Saturday, October 13, 2012

Grin and Bare It

For those who spent substantial portions of their childhood in the waiting rooms of doctors; offices, the vice-presidential debate this week was a fine example of Goofus and Gallant.  Paul Ryan, the often too-syrupy, too goody-two-shoes Gallant of this scene, managed to avoid lashing out at the over-the-top rudeness of Joe Biden's Goofus.  I suspect that was the reason he drank so much water:  a lesser boy scout would have, at the bare minimum, thrown that water directly at Biden, in order to wash that ridiculous smirk off his face.

Many of my friends were wondering if, perhaps, there might have been some illness that Biden suffered, that he laughed at inappropriate moments, rolled his eyes, constantly interrupted, openly lied about his own record, and… well, I can't recall every complaint my friends had, but the list seemed almost as interminably as the debate itself.

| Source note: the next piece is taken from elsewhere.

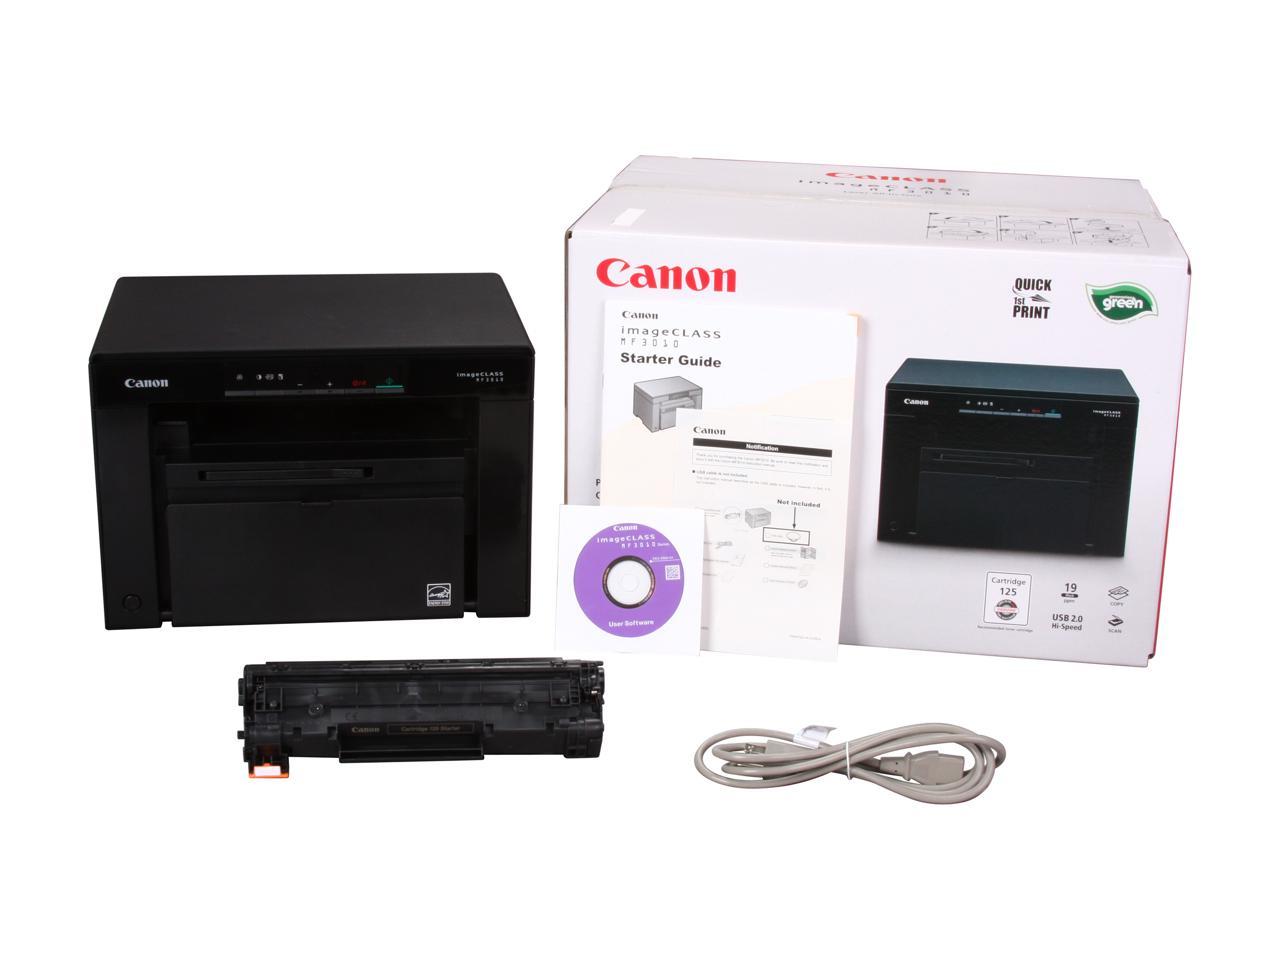 Canon imageCLASS MF3010 Monochrome All-in-One Laser Printer | Help Tech ...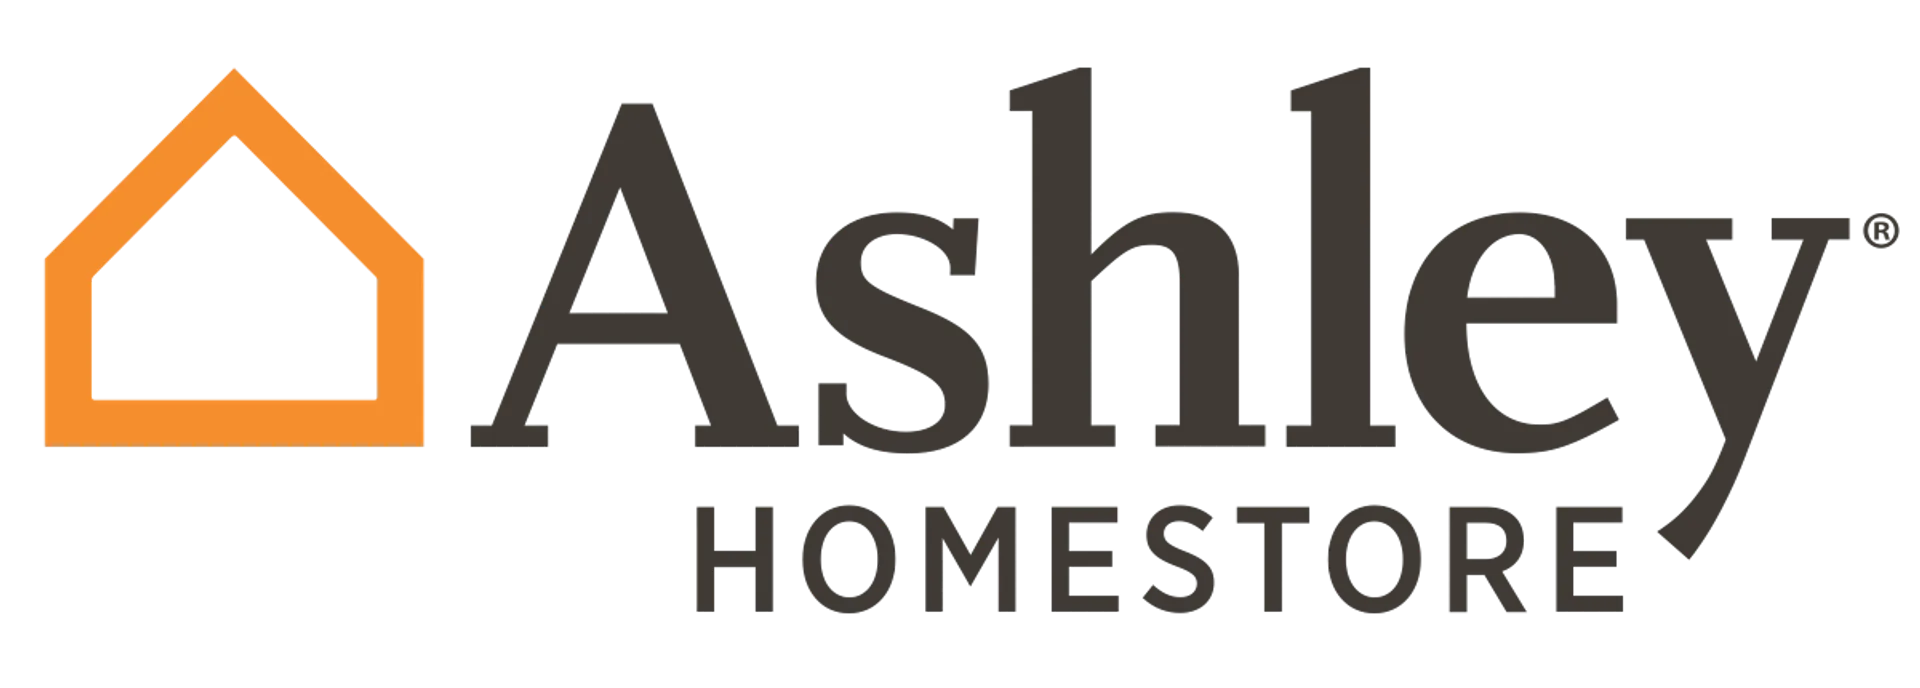 ASHLEY HOMESTORE logo. Current weekly ad

Personally, I think Goofus Biden's behavior was completely choreographed. The interruptions, the crude and boorish actions, all were designed to keep Gallant Ryan from successfully delivering a single, completed argument on behalf of his campaign.  Sadly, it did work far too often. Ryan would start a sentence, and more than eighty times in ninety minutes (or, if you want to be honest about time distribution, eighty-plus times in 41 minutes) Goofus threw in some snarky remark.  In at least one case, the man who is supposed to maintain the dignity of the second-highest office in the land jumped in and answered a question directed at his opponent in the debate.

Any way you look at it, though, interrupting a person an average of once every thirty seconds is poor sportsmanship, poor debate practice, and, in the long run, probably very poor political maneuvering.  At best, it is as the intellectual equal to Goofus having dropped trou and waggled his private parts in all our faces.   It may or may not energize the demoralized base, but those who had come into the evening still undecided, those who were watching the debate in hopes of being informed voters, those people more often than not will be repulsed by this, and look far more favorably upon Gallant.

Apparently, waiting one's turn, keeping one's pants on, is beneath that office.  Or, perhaps, Goofus has decided that dignity itself is beneath the dignity of the office.